Distance constraint for interacting motif pairs  Interacting TF pairs may satisfy certain spatial requirements to have a functional interaction – their corresponding binding motifs may demonstrate characteristic distance relationships in promoter sequences.  The authors define a threshold as - log(p d )=4.93. According to this threshold, 154 of 300 detected motif pairs have one or more characteristic distances.  75% of the characteristic distances are smaller than 166 bp. The finding that some pairs have large characteristic distances may reflect secondary structure DNA looping or indirect interaction through complex formation.  The degree of co-expression of gene groups targeted by a motif pair with a characteristic distance is significantly higher than that by a motif pair without characteristic distances.

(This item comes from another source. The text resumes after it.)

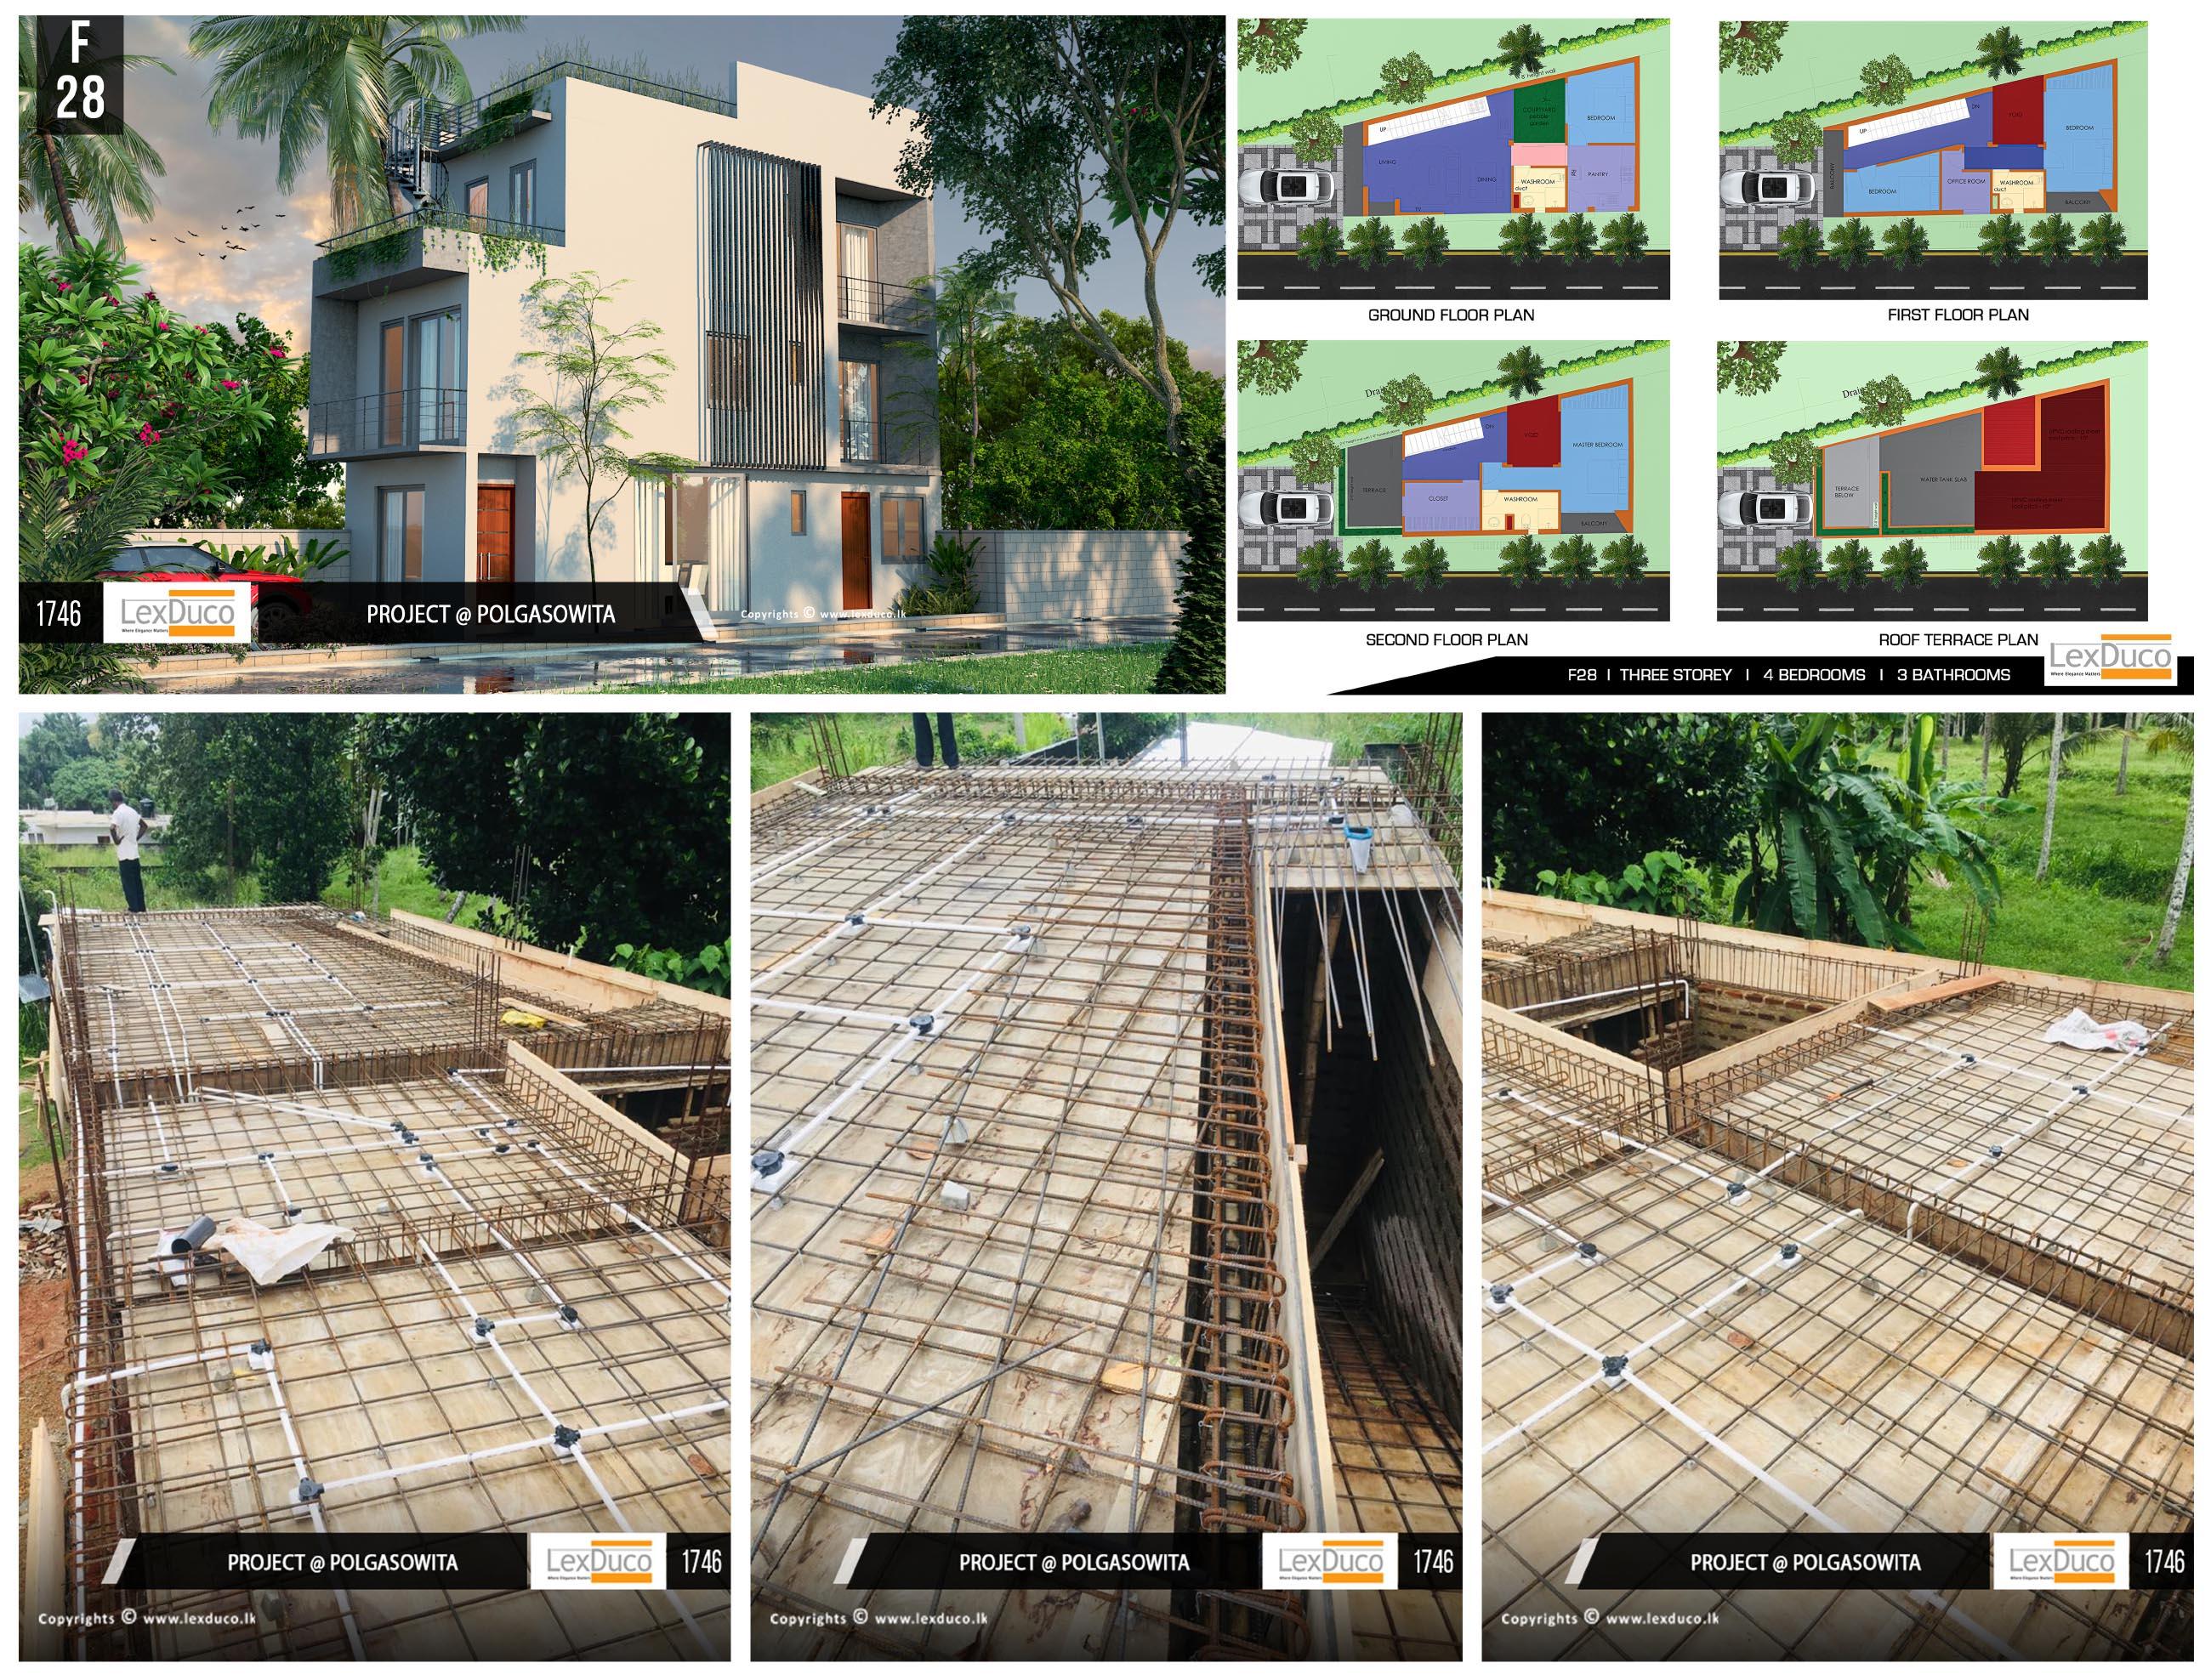 Residential Housing Project at Polgasowita | Lex Duco
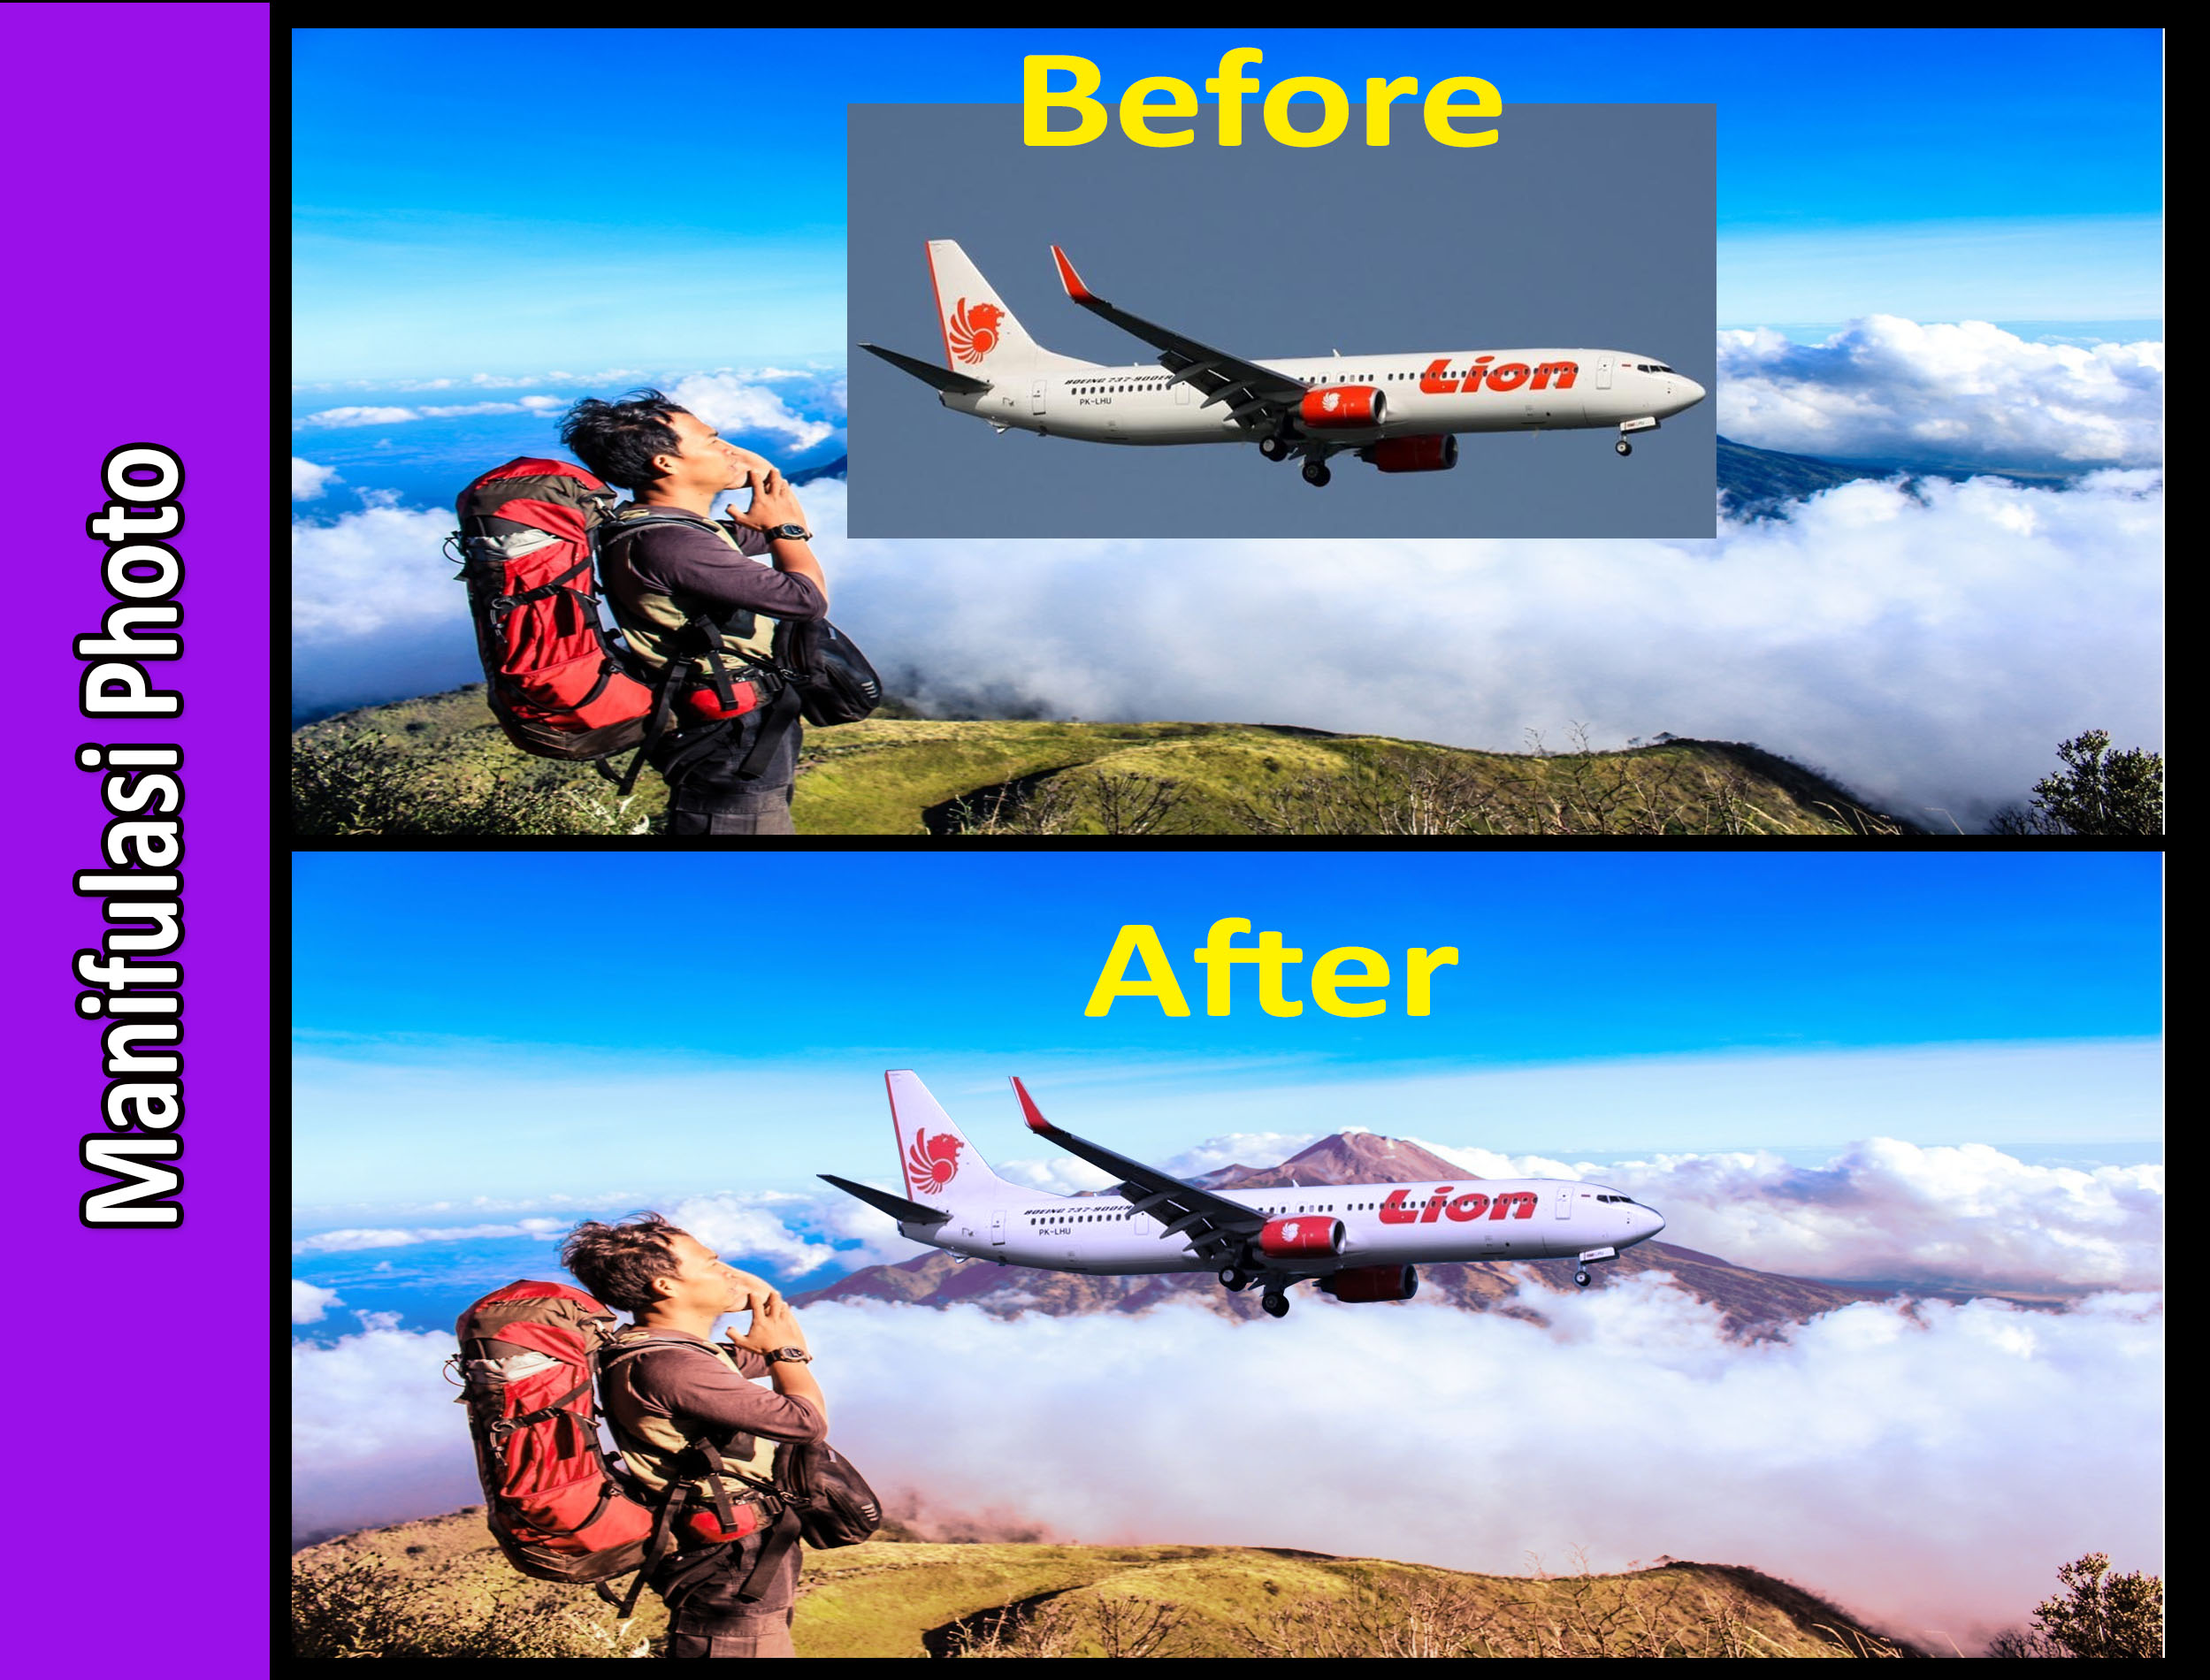 Image Editing & Photoshop from din1723

Orientation constraint for interacting motif pairs  Orientation was defined as the relative directions of a motif pair on the genome sequence: one divergent (opposite directions away), one convergent (opposite direction towards) and two tandem orientations.  P o – the fraction of the most dominant orientation. A large Po indicates strong orientation preference.  Motif pairs without characteristic distances, the distribution is only slightly shifted toward larger values as compared with a random distribution.  If only the target genes with characteristic distances are considered, the orientation preference is dramatically increased.  Further analysis of the 154 motif pairs with characteristic distances revealed that 35.1% have more than one characteristic distances. The author found that different distances often correspond to different preferred orientations. These multiple characteristic distances may reflect various interaction configurations.

Dynamic effect of TF pair interactions on target genes  For each of the TF pairs, the authors performed a whole- genomic search in the upstream promoter regions of the genes, and the target genes were defined as those genes whose promoter sequences contain the corresponding motif pair.  If significant co-expression of their target genes under one condition, the TF pair is active under this condition, otherwise the TF pair is likely to be inactive. (The combined database of expression data that was used consisted of 82 experiments and six conditions. Those conditions were cell cycle, elutriation, heat shock, DNA damage, sporulation and drug treatment.)  Some TF pairs (16%) show effect under all conditions, but most pairs (40%) are active only under certain specific conditions. Under different conditions, some TFs interact with different partners. The functions of a TF and its activity may be better described in relation to its interacting partners than to one factor alone.  The dynamics of TFs is linked to genes essentiality. TF pairs involved in more conditions were more likely to include essential genes which render cells non-viable if they are knocked out. The fraction of essential TFs shows an almost monotomic increase with number of active conditions. TFs active under more conditions are more likely to be essential than those that are only active under specific conditions.

Discussion  The authors presented a novel sequence-based algorithm to identify transcription factor interactions. This algorithm can be used more generally and in instances where genes expression experiments are not available. 369 significant interactions are predicted, including both homotypic and heterotypic interactions.  Short distances between binding sites are preferred over long distances. TFs do not seem to interact arbitrarily at any distance, but to have specific preference – characteristic distances and particular orientations.  The same TF pair may behave differently under different conditions, with different characteristic distances and different orientations.  The algorithm certainly has some limitations:  two overlapping binding sites – two TFs compete for the same binding sites;  short inter-motif distance may be attributed to dimeric TFs, which means the two independent binding sites might be two segments of one TF binding sequences.  Future prediction – super motif which include not only the sequence of the binding sites, but also multiple sites with set distances between them with a particular orientation. This capacity can greatly increase prediction specificity for genomic scans.